Il Papilloma Virus (HPV) è considerato la causa principale del cancro al collo dell’utero. Quasi la totalità delle donne affette da questa neoplasia risulta positiva all’infezione da papilloma, ma non tutte le donne infette si ammalano di tumore.
Oltre il 70% delle donne contrae un’infezione genitale da HPV nel corso della propria vita, ma la grande maggioranza di queste guarisce spontaneamente in pochi mesi, grazie alla risposta efficiente del sistema immunitario. In pratica, l’infezione è un fattore necessario ma non sufficiente per lo sviluppo della patologia neoplastica.
L’HPV si trasmette facilmente attraverso i rapporti sessuali, completi o meno.

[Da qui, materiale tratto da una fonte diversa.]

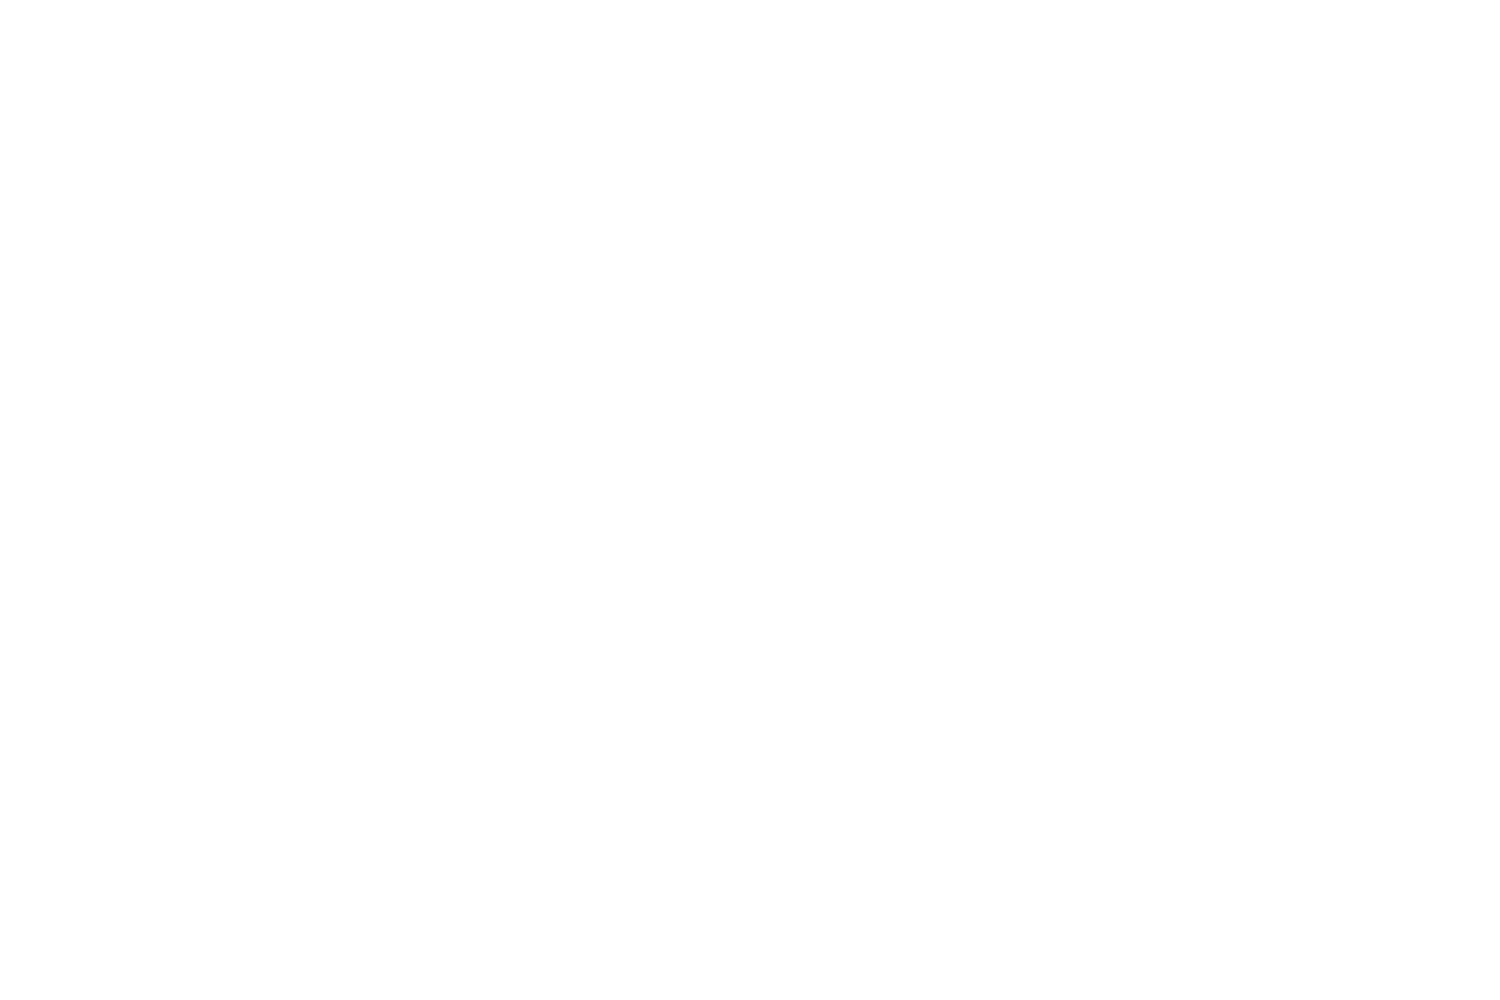 BattleBots Team Valkyrie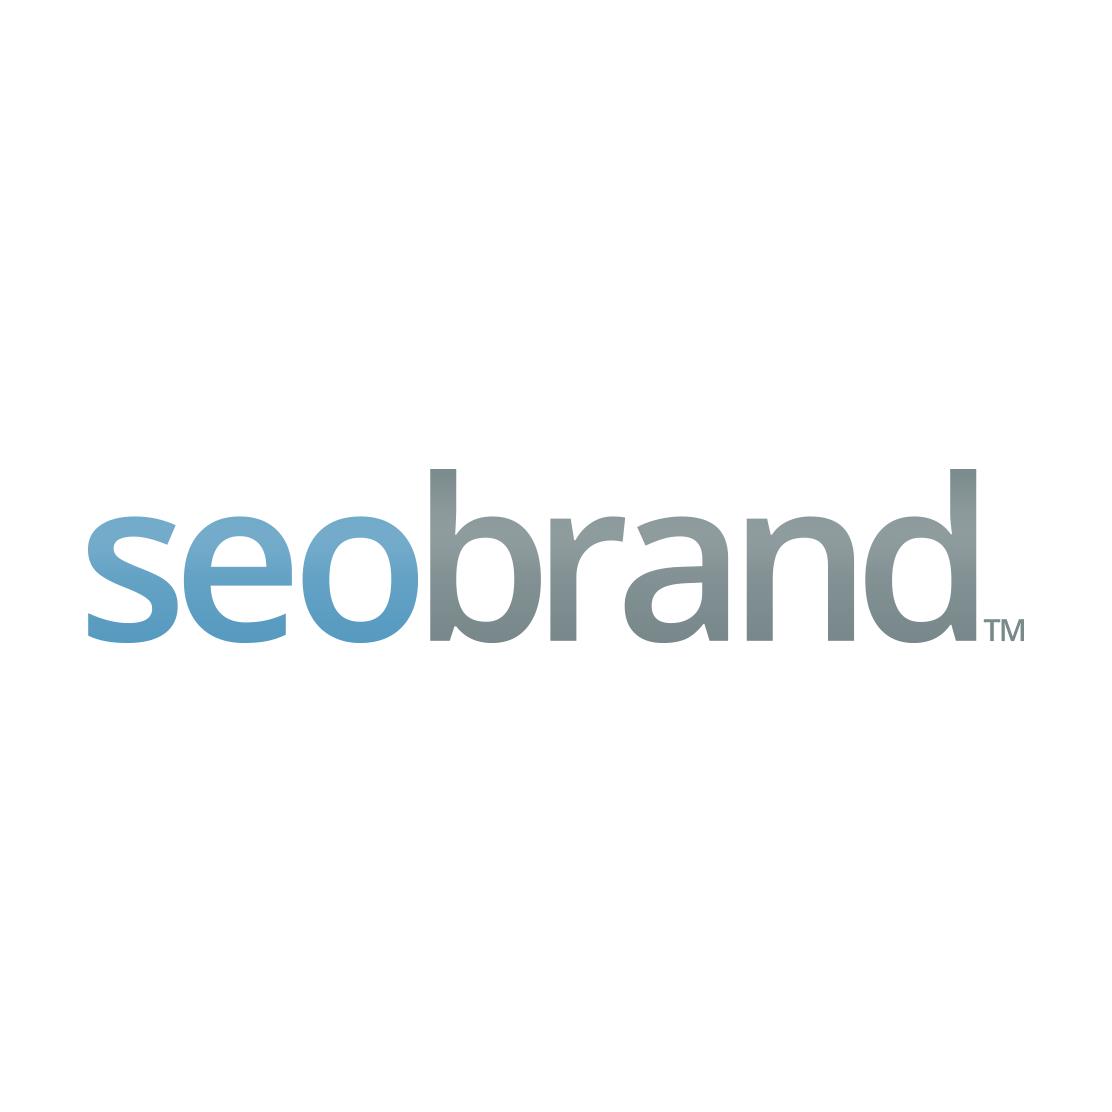 Best Philly SEO Company Logo: SEO Brand

Non è necessaria la penetrazione ma il contatto diretto e stretto cute contro cute, ed è per questo motivo che il preservativo può essere una protezione non sufficiente.
Insieme all’infezione possono fungere da fattori scatenanti la neoplasia anche:
- il tabagismo,
- un regime alimentare poco equilibrato e povero di vitamine,
- la scarsa igiene personale,
- la promiscuità sessuale,
- le numerose gravidanze,
- precedenti familiari di cancro al collo dell’utero.
L’unica arma efficace da utilizzare contro l’herpes papilloma virus è quella della prevenzione. Prevenzione disponibile sia per le donne che per le ragazzine. Sia per le mamme che per le figlie.
Per moltissimi anni la prevenzione e lo screening sono state ad appannaggio esclusivo delle donne adulte. Ogni donna sessualmente attiva dovrebbe sottoporsi al Pap-test una volta ogni 3 anni. Molti medici, in realtà, consigliano di eseguire l’esame più frequentemente, ogni due anni o addirittura ogni anno. Eppure non esiste alcuna evidenza scientifica che dimostri che fare il test più spesso abbassi l’incidenza del tumore. Probabilmente, un controllo tanto frequente ha solo la funzione di tranquillizzare la paziente e di mettere a tacere ansie e paure.
L’obiettivo dello screening è quello di individuare il più precocemente possibile eventuali lesioni pre-cancerose a livello della cervice uterina e d’intervenire in maniera adeguata.
Le lesioni di basso grado spesso regrediscono spontaneamente nel giro di un paio d’anni e raramente hanno un’evoluzione maligna. Ed è per questo che le si affronta con semplici controlli periodici.
Le lesioni di alto grado, invece comportano un rischio più elevato. Ed è per questo che spesso si rende necessario un vero e proprio intervento terapeutico, come la conizzazione o la laserterapia.
Ma negli ultimi anni, grazie ai passi avanti fatti dalla ricerca, la prevenzione è stata allargata anche alle preadolescenti. Ed in questo campo l’Italia è assolutamente all’avanguardia. Fin dal 2008 è iniziata una campagna di vaccinazione a tappeto di tutte le ragazzine di 12 anni. Campagna che coinvolge ogni anno quasi 300.000 adolescenti. Le dosi vaccinali sono tre e sono somministrate intramuscolo. Alla prima dose, seguono la seconda e la terza, a distanza di due e sei mesi.
ATTENZIONE! Il vaccino non ha alcun effetto terapeutico, quindi non può essere considerato un sostituto del pap-test. Il vaccino anti-HPV previene esclusivamente dall’infezione dei tipi virali con cui la ragazzina non è ancora venuta in contatto. Ma, una volta iniziato ad avere rapporti sessuali, questa dovrà comunque sottoporsi periodicamente al pap-test.